• **DIRECTIONS FOR THIS TASK**:
Return the stretch from the line with "перейти к книге 'Тибетская живопись'" through the line with "cvn-69 uss dwight" in the data below, character for character, skipping all pictures.

• **RECORDED INFORMATION**:
⟨
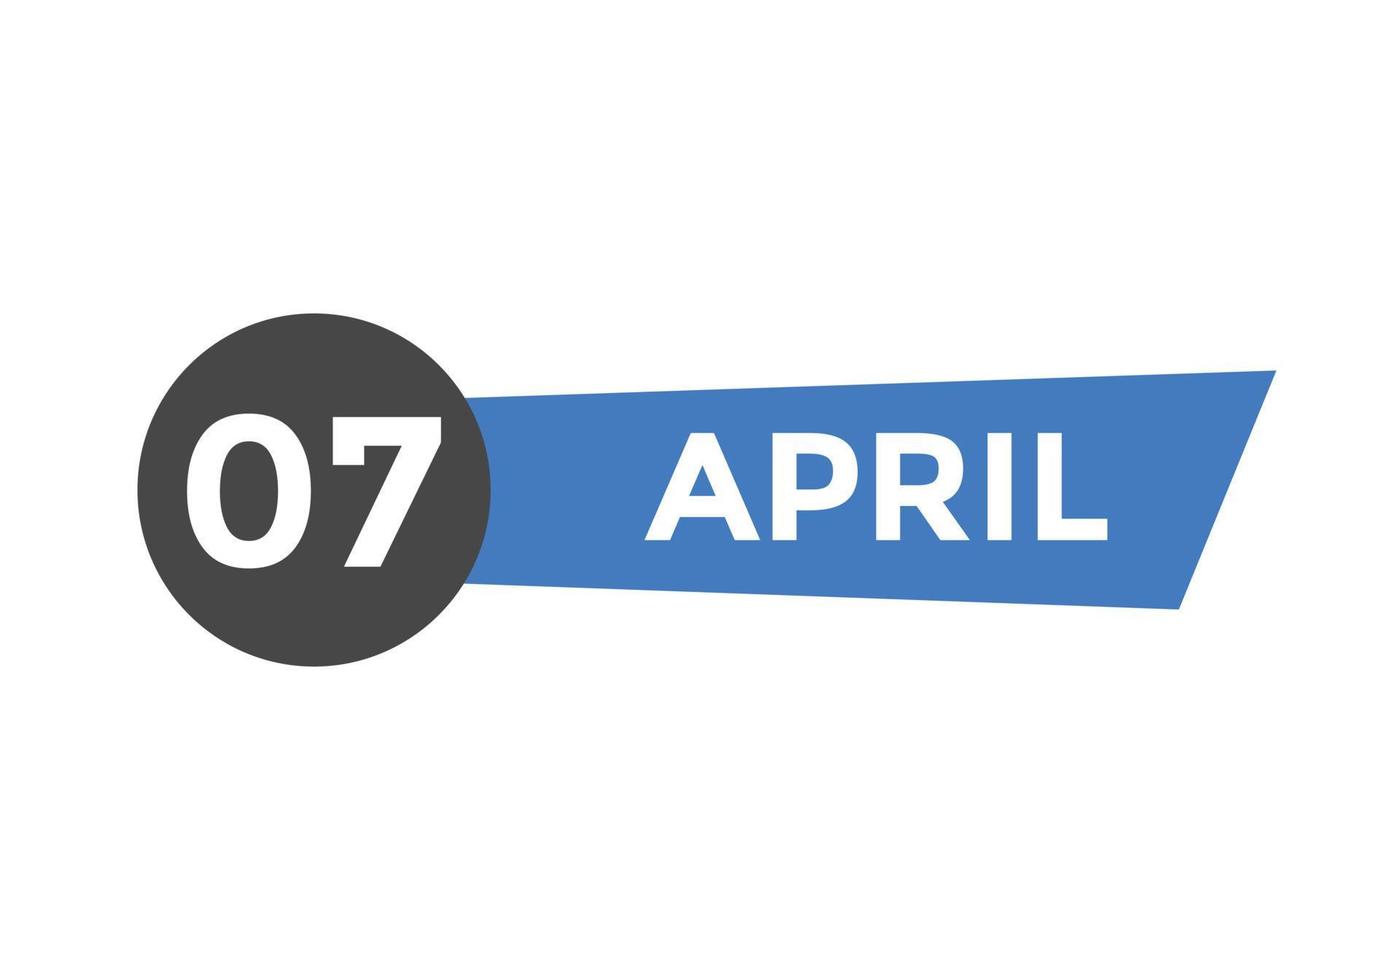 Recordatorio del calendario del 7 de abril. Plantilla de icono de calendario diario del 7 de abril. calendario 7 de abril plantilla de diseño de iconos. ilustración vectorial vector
⟩
⟨
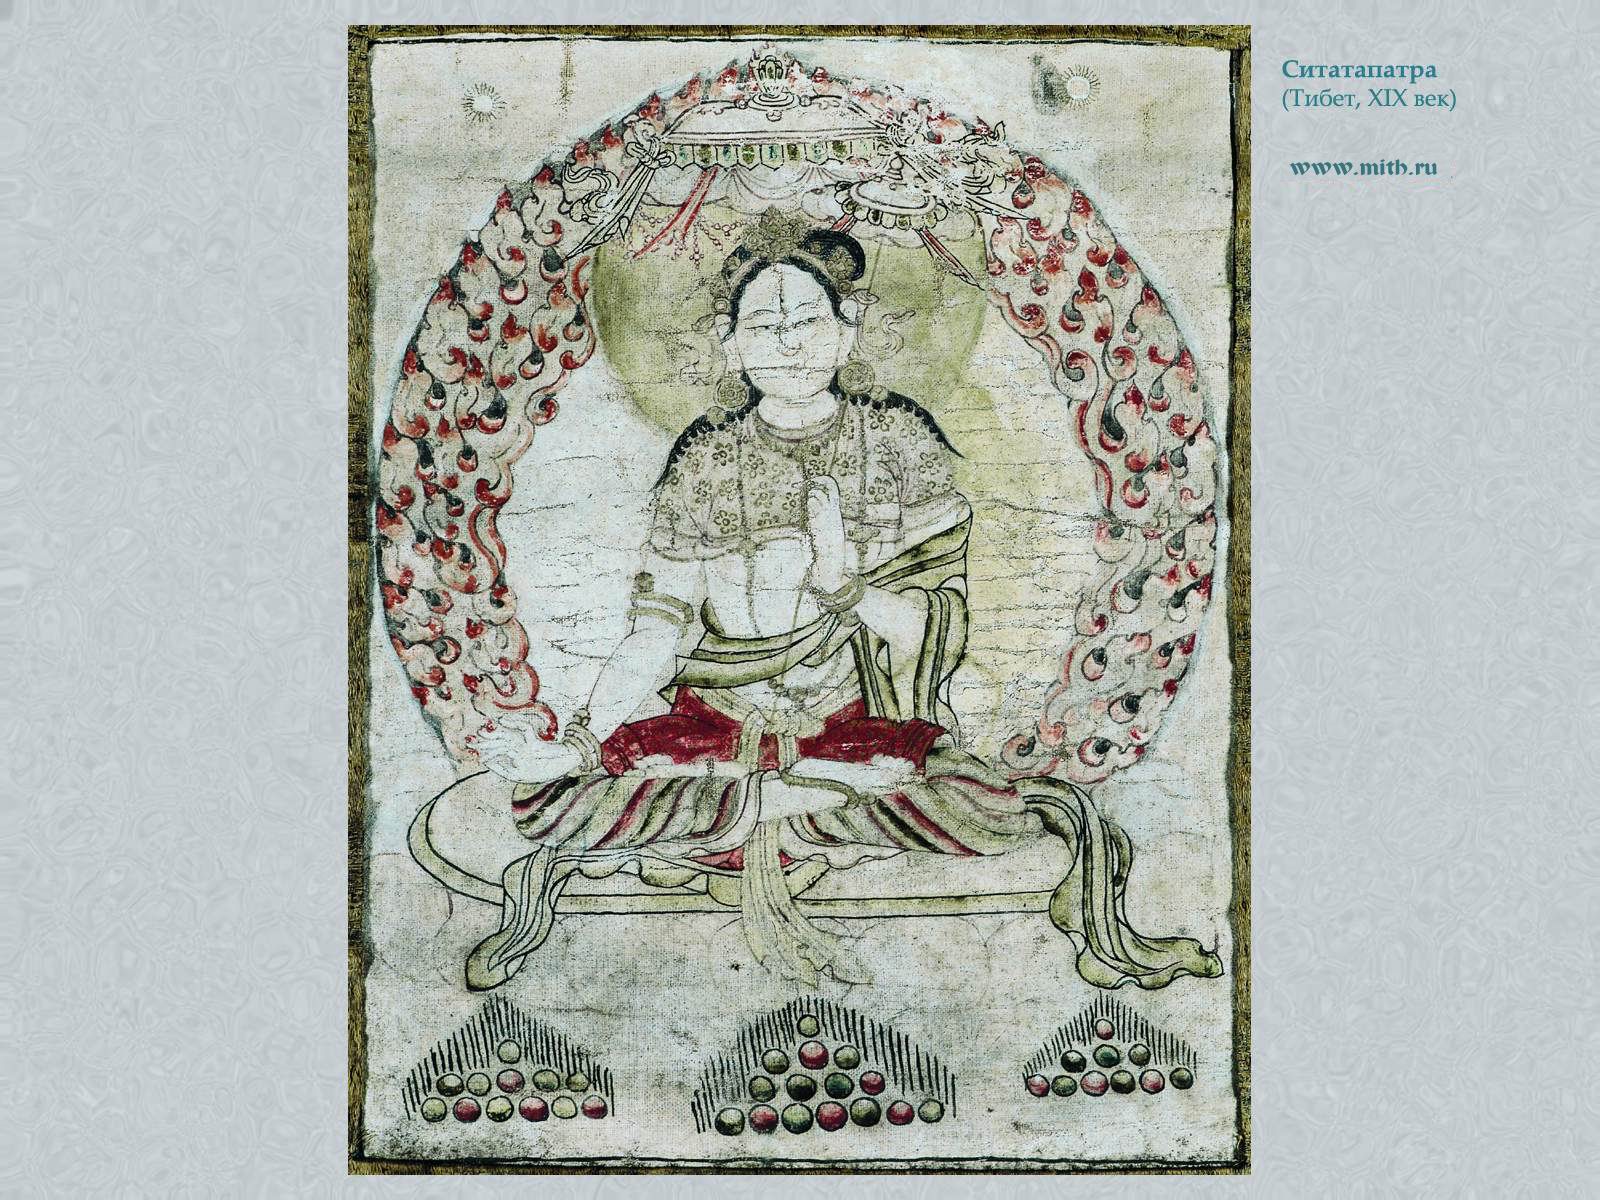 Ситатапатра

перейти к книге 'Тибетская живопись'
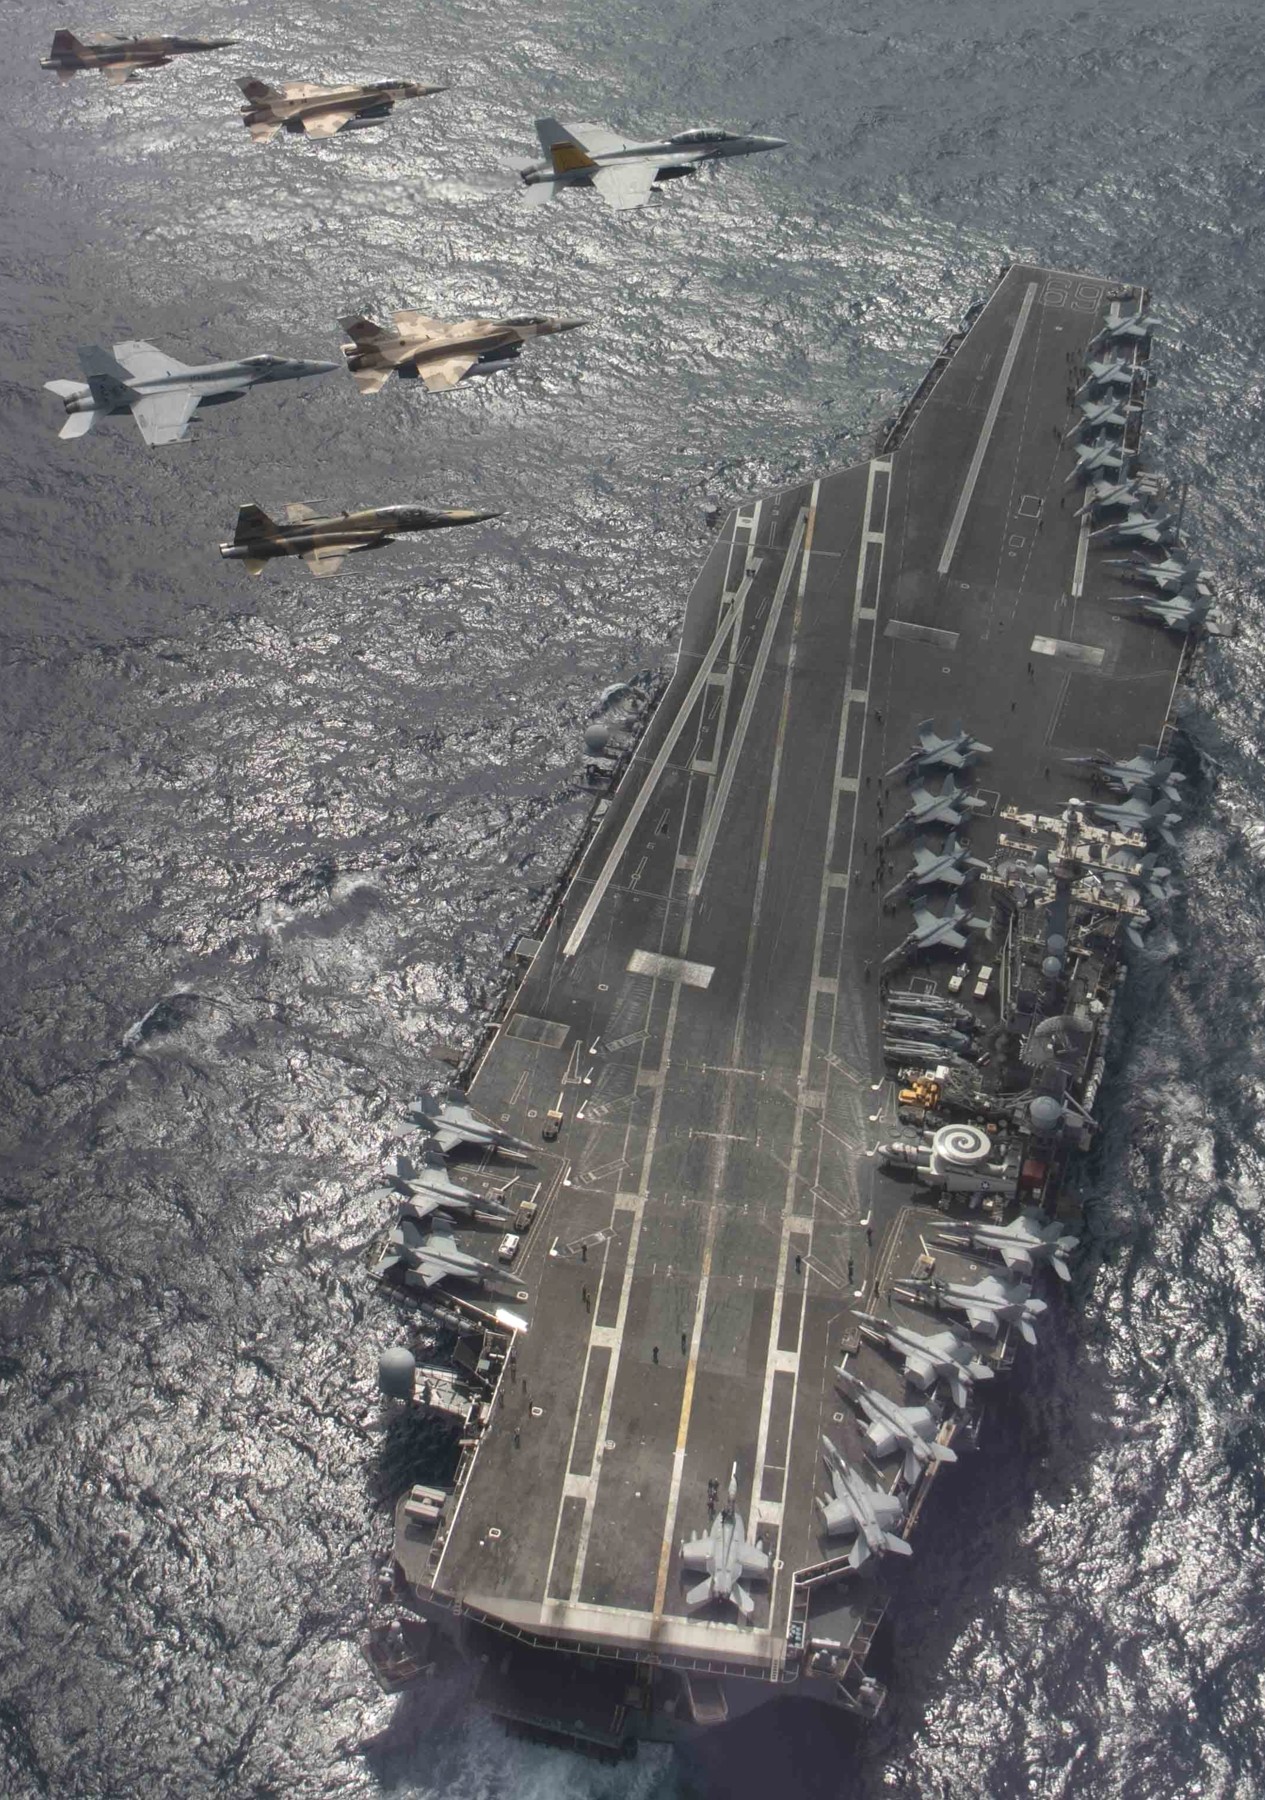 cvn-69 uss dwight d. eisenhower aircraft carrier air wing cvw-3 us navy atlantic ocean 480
⟩
• **RESULT BELOW**:
перейти к книге 'Тибетская живопись'
 cvn-69 uss dwight d. eisenhower aircraft carrier air wing cvw-3 us navy atlantic ocean 480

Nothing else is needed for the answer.